Businesses need to prepare for increased social unrest

The power of social media combined with political polarization fuels protest movements.

June 17, 2022
Businesses need to prepare for an increase in civil unrest as the cost-of-living crisis follows the Covid pandemic hard on its heels, according to insurance company Allianz Global Corporate & Specialty (AGCS). As trust in traditional sources of information and leadership is undermined, the role of social media platforms in promoting civil unrest is becoming increasingly influential.

Strikes, riots and violent protest movements pose a risk to businesses because not only buildings or assets can suffer costly material damage, but also business operations can be severely disrupted by inaccessibility of buildings, resulting in loss of income.

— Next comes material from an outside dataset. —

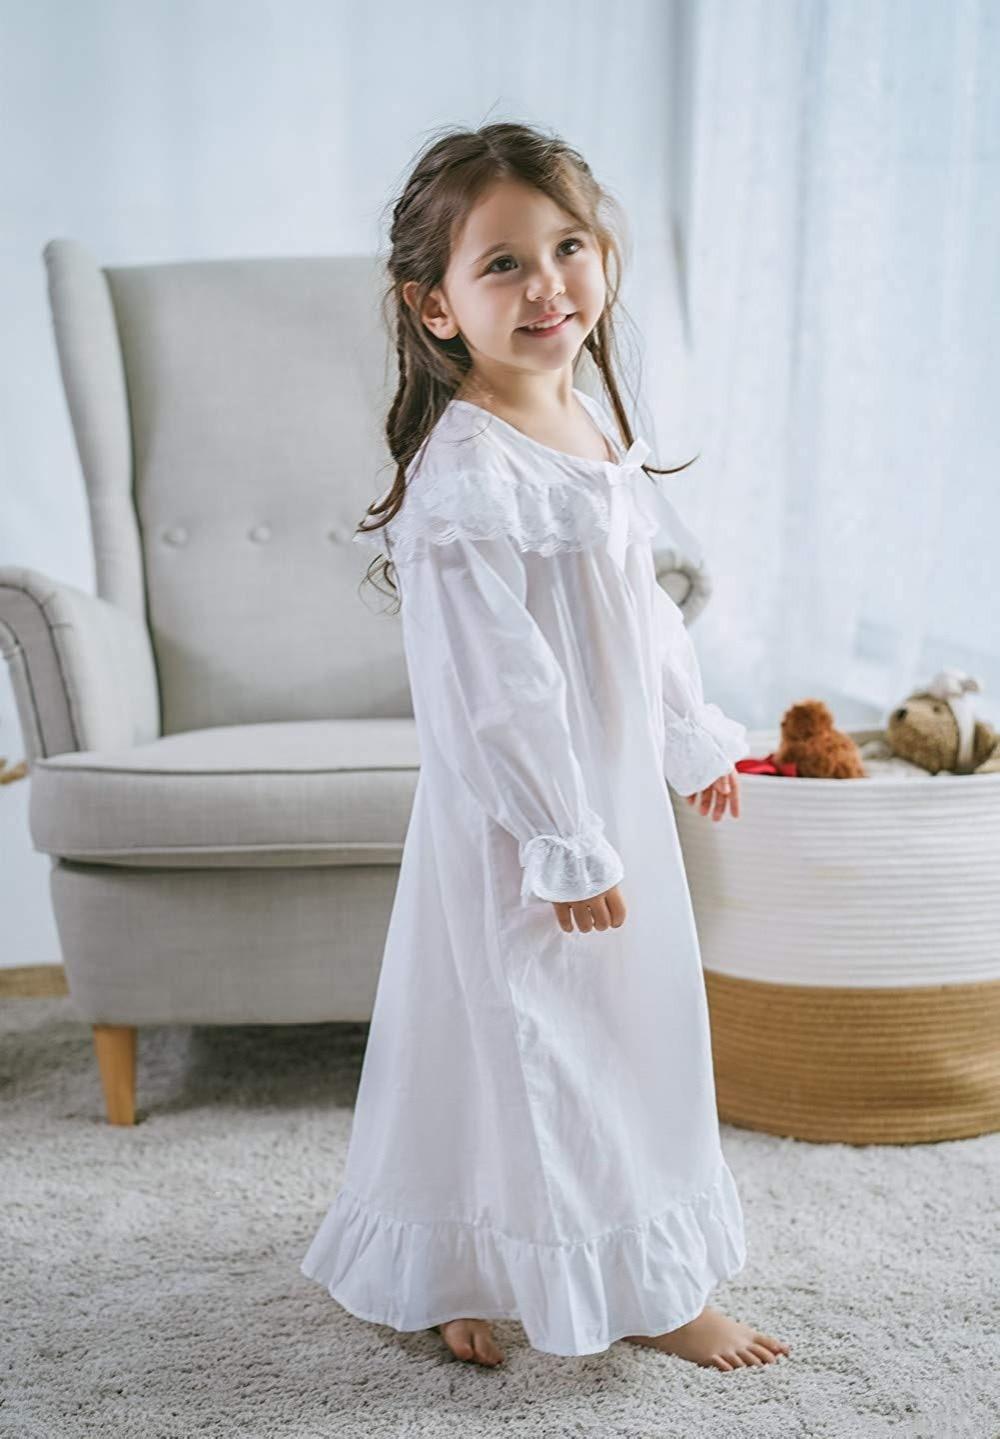 Baby Girl Clothes Princess Nightgown Long Sleeve Sleep Shirts Nightshirts Pajamas Christmas Dress Sleepwear kids for 3-12 Years (6)
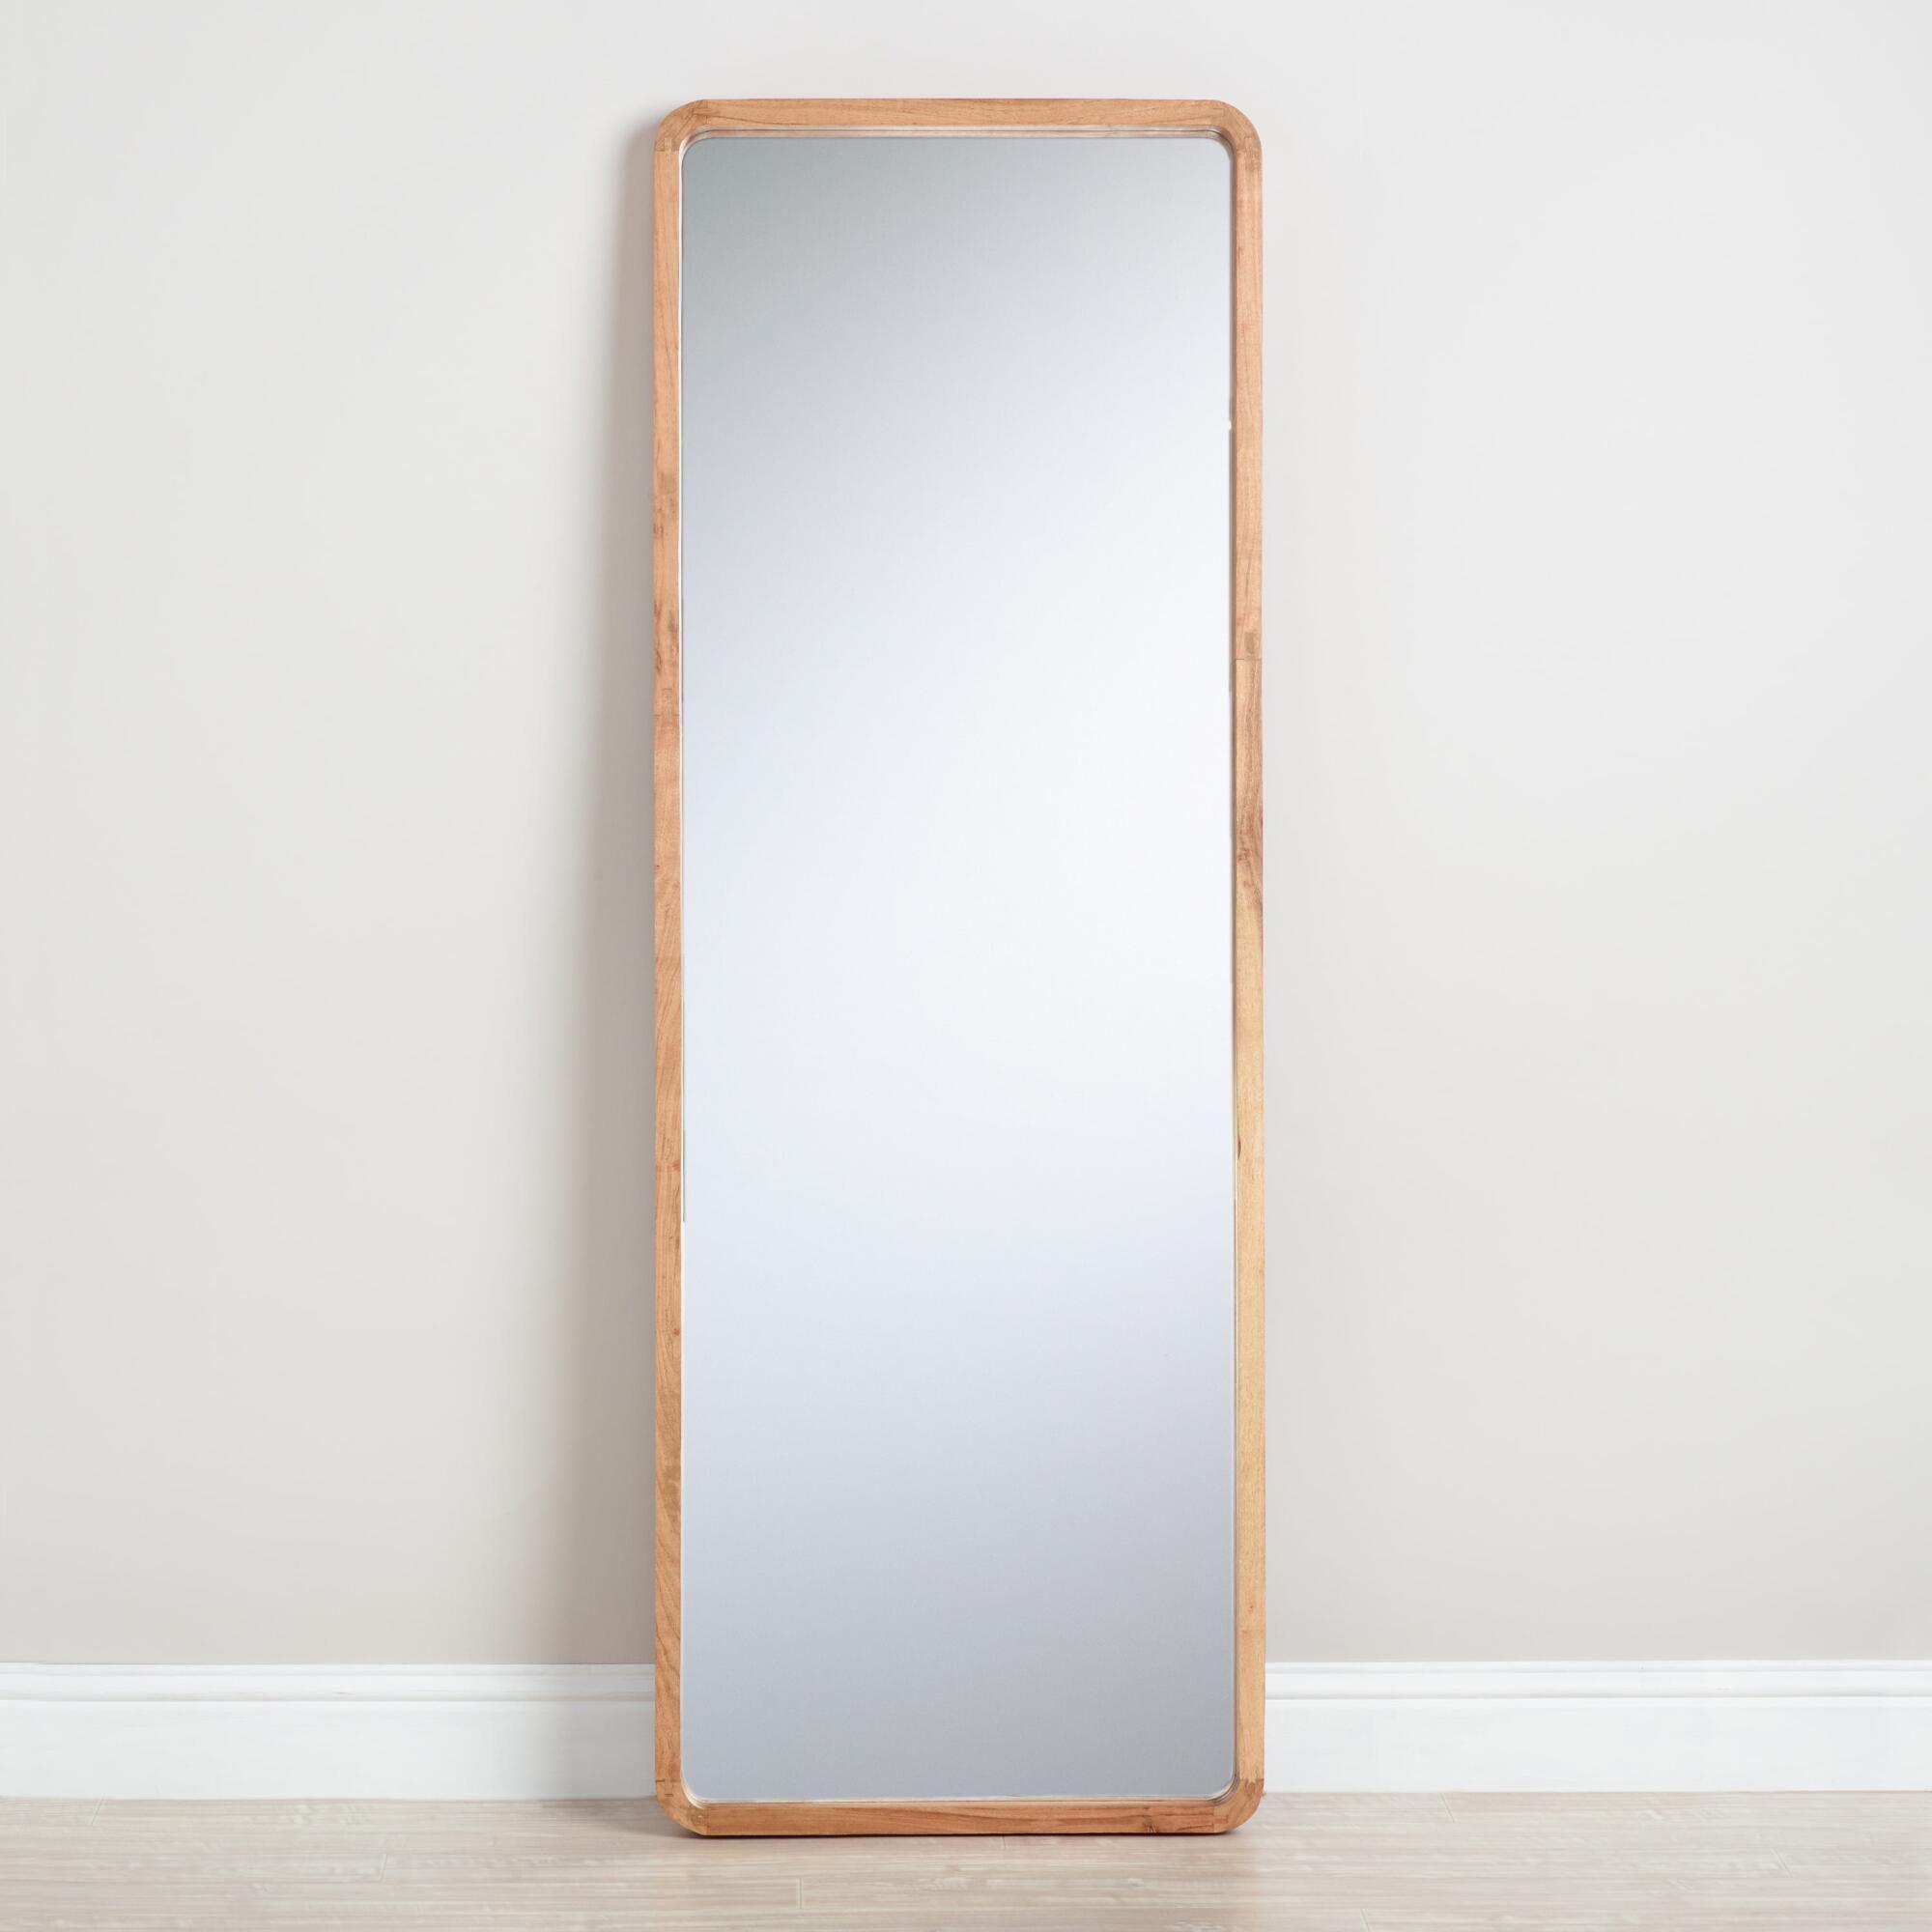 Natural Wood Leaning Full Length Floor Mirror By World Market Full Length Floor Mirror Floor Length Mirror Wood Full Length Mirror

“Social unrest is increasingly a more critical risk than terrorism for many companies,” said Srdjan Todorovic, currently Head of Crisis Management, UK and Nordic, at AGCS (from 1 July, Todorovic will be Head of Global Political Violence & Hostile Environment Solutions at AGCS). “Social unrest is unlikely to subside in the near future due to the aftermath of Covid-19, the cost-of-living crisis and the ideological shifts that continue to divide communities around the world. Businesses need to be aware of suspicious indicators and cope with implementation of deployment, escalation and response processes to anticipate potential damage to personnel and damage to business and personal property.
The UN has warned of the destabilizing potential of disrupted supply chains and soaring food, fuel and fertilizer prices, particularly in the case of Russia and Ukraine, which account for about 30 percent of the world’s wheat supply. “All of this is sowing the seeds of political instability and unrest in the world,” said UN Secretary-General Antonio Guterres in March 2022. Meanwhile, risk adviser Verisk Maplecroft sees an increase in civil unrest as inevitable in middle-income countries that could provide social protection during the pandemic. but now will have difficulty maintaining that level of expenditure as the cost of living rises.
According to Verisk Civil Unrest Index Projections, 75 countries are likely to experience an increase in protests by the end of 2022, leading to a higher frequency of unrest and more damage to infrastructure and buildings, for example. The outlook is darkest for the 34 countries where the situation will worsen significantly in August 2022. More than a third of these countries are located in Europe and Central Europe (12), followed by the Americas (10), Africa (6), the Middle East and North Africa ( 3) and Asia (3).
The economic and insurance losses from previous protests have been significant, leading to significant demands on companies and their insurance companies. In 2018, the Yellow West movement in France rioted to protest fuel prices and economic inequality, causing French retailers to lose $ 1.1 billion in revenue in a matter of weeks. A year later, large-scale demonstrations in Chile were triggered by a rise in metro prices, leading to insured losses of 3 billion. In the United States, the 2020 protests over George Floyd’s death in police custody are estimated to have resulted in more than $ 2 billion in insured losses, while the South African riots in July 2021 that followed the arrest of former President Jacob Zuma and were driven by layoffs and economic inequality, causing $ 1.7 billion in damages. Earlier this year, demonstrations against Covid-19 restrictions took place in Canada, France and New Zealand, including by convoys of vehicles disrupting major cities.

A network of disturbances
The influence of social media is playing an increasing role in mobilizing protesters and boosting social unrest. “The unifying and encouraging effect of social media on such protests is not a particularly recent phenomenon, but during the Covid crisis it combined with other potentially flammable factors such as political polarization, anti-vaccination sentiment and the growing distrust of the government for a perfect storm of discontent, “says Todorovic. “Geography was also less of a barrier. Like-minded people could more easily exchange ideas and mobilize larger numbers faster and more efficiently. In a world where trust in both government and the media has plummeted, misinformation could take over and party political complaints could be burned and exploited. “
Targets for civil unrest or consequential damage may include public buildings, transport infrastructure, supply chains, retail properties, foreign-owned companies, gas stations, critical goods distribution centers and tourism or hospitality companies.
Companies should review and update their business contingency plans as needed, taking into account any vulnerabilities in the supply chain. They should also review their insurance policies in case of increasing local unrest. Non-life insurance covers claims related to political violence in some cases, but insurers provide specialized coverage to mitigate the effects of strikes, riots and civil unrest (SRCC).
“The map of threats of political violence is evolving as some democracies become unstable and some autocracies crack down on dissidents. Unrest can occur in several places simultaneously, as social media now allows for rapid mobilization of protesters. “For example, large retail chains” like several losses in an event in different parts of a country, “says Todorovic.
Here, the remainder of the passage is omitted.